▸ Extracted information:
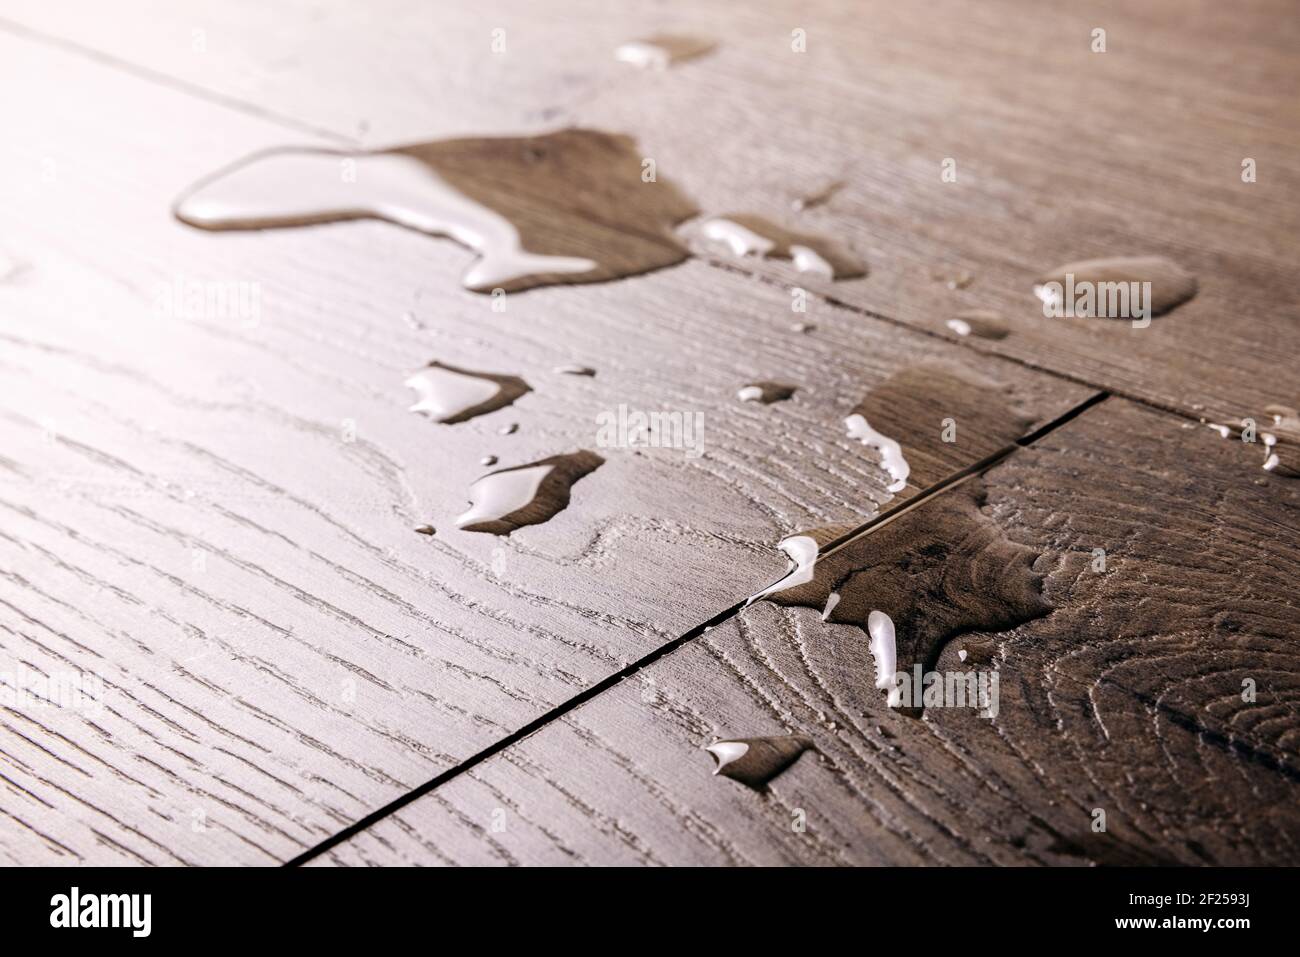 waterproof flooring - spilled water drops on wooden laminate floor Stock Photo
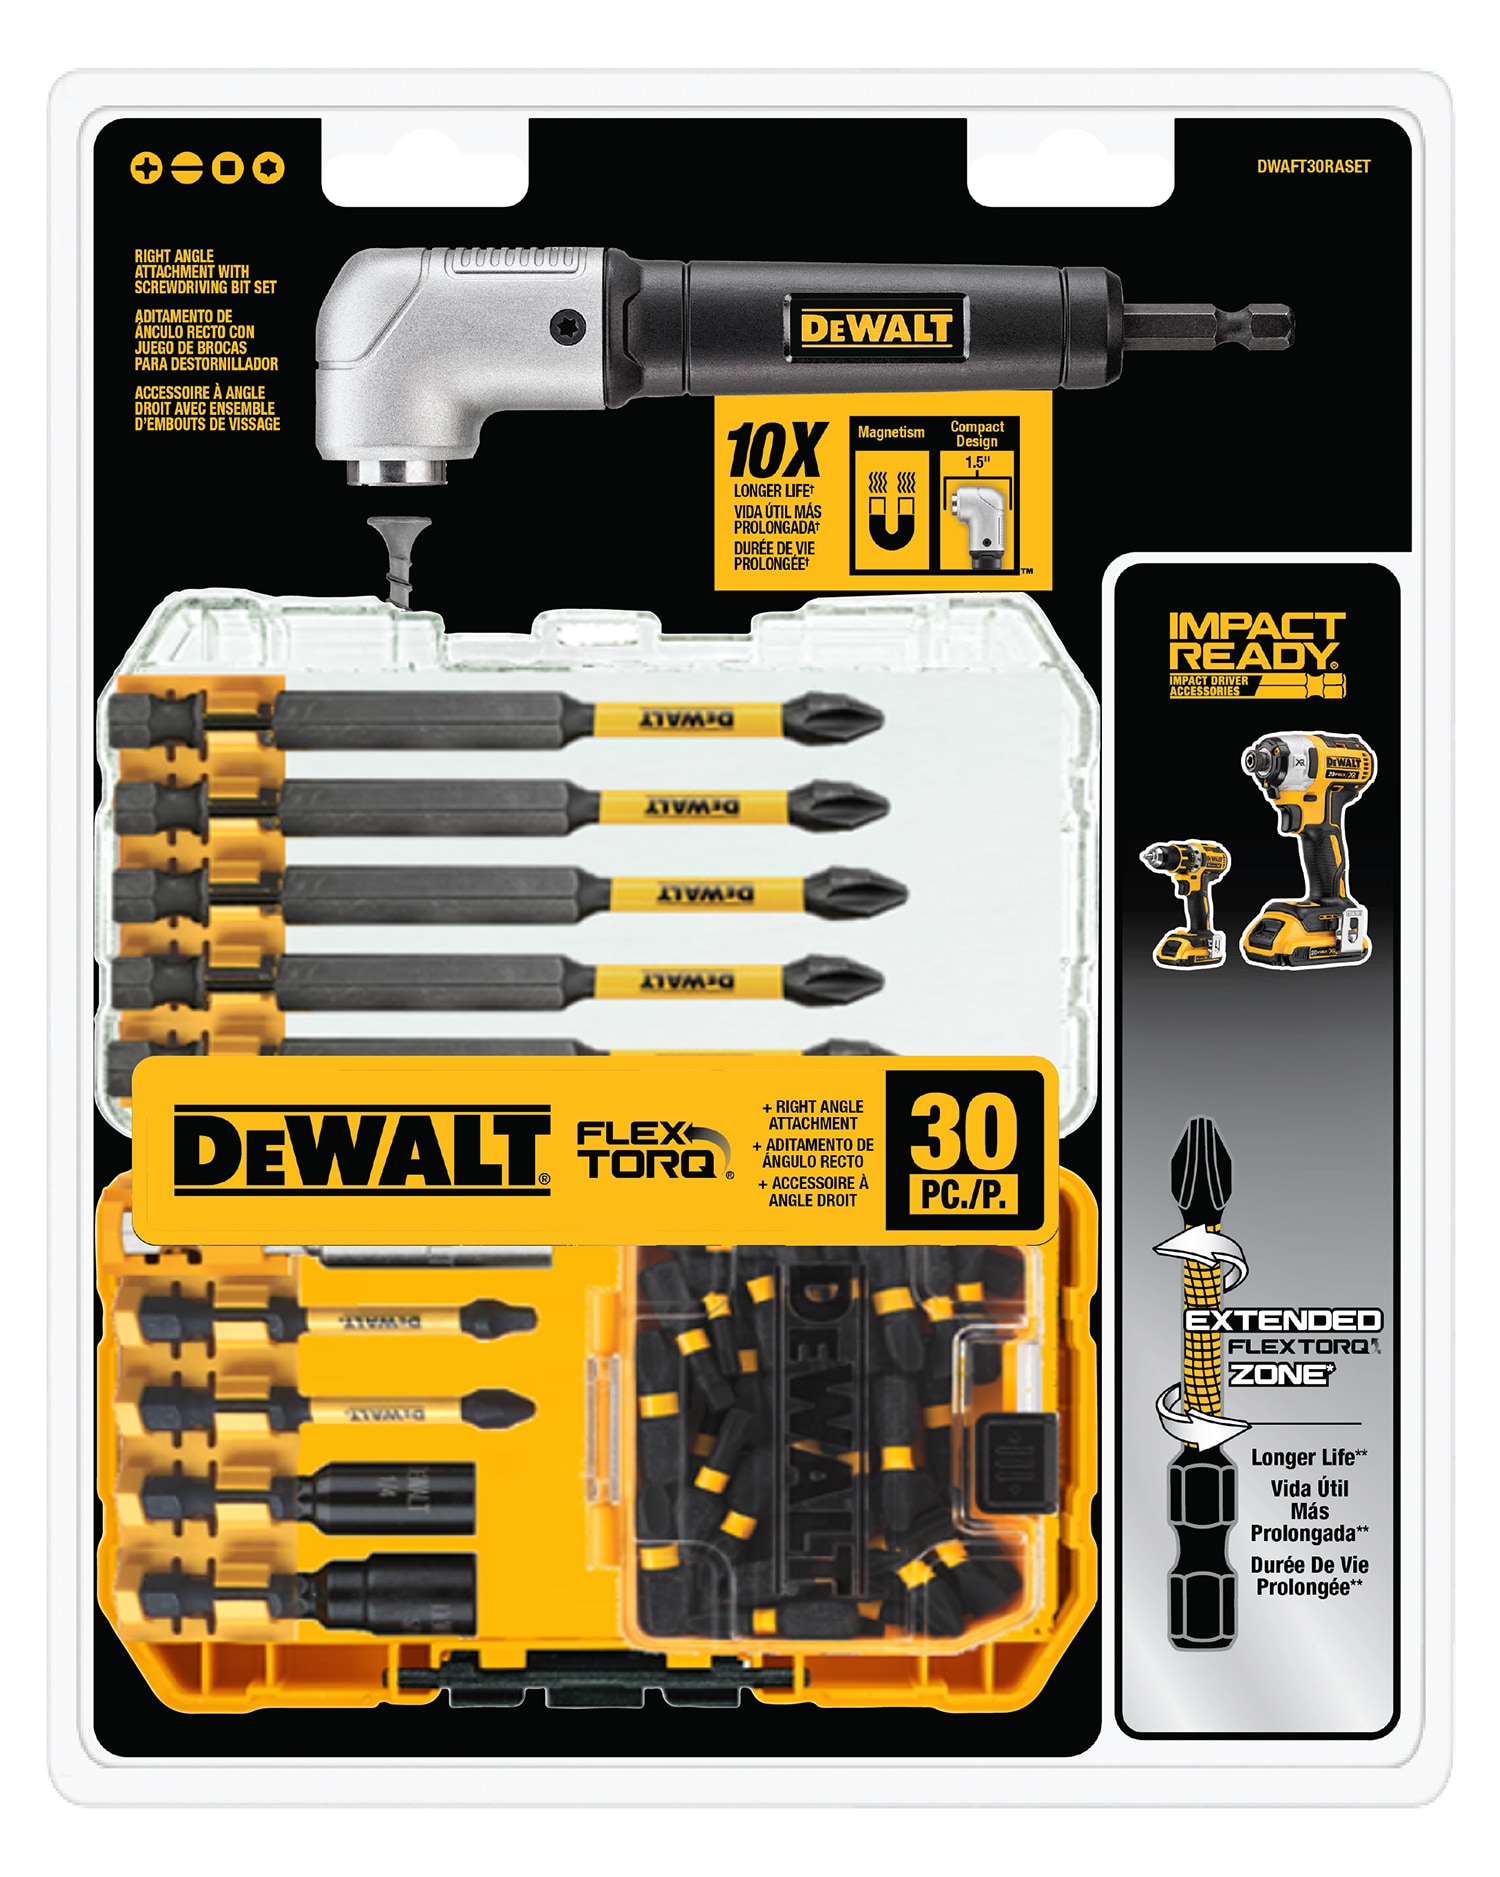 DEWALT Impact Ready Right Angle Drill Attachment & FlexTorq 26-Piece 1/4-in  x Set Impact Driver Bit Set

...

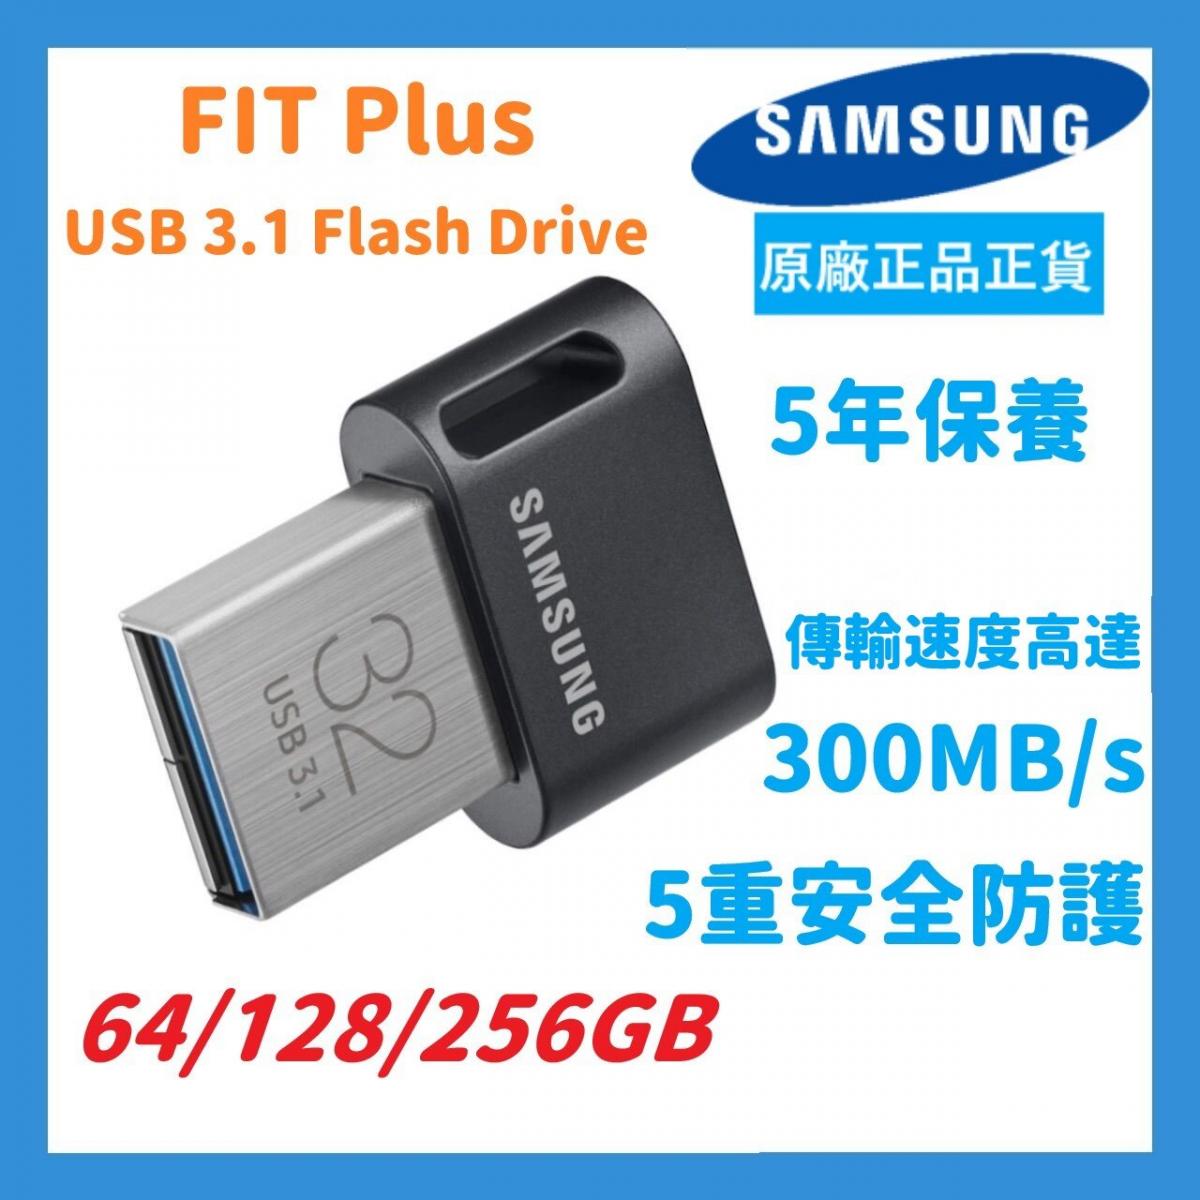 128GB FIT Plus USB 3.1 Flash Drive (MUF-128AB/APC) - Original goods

▸ Activity: Copy only what lies between the line with "waterproof flooring - spilled" and the line with "DEWALT Impact Ready", those two lines included, exactly as given above; pictures stay out.

▸ Answer to this problem:
 waterproof flooring - spilled water drops on wooden laminate floor Stock Photo
 DEWALT Impact Ready Right Angle Drill Attachment & FlexTorq 26-Piece 1/4-in  x Set Impact Driver Bit Set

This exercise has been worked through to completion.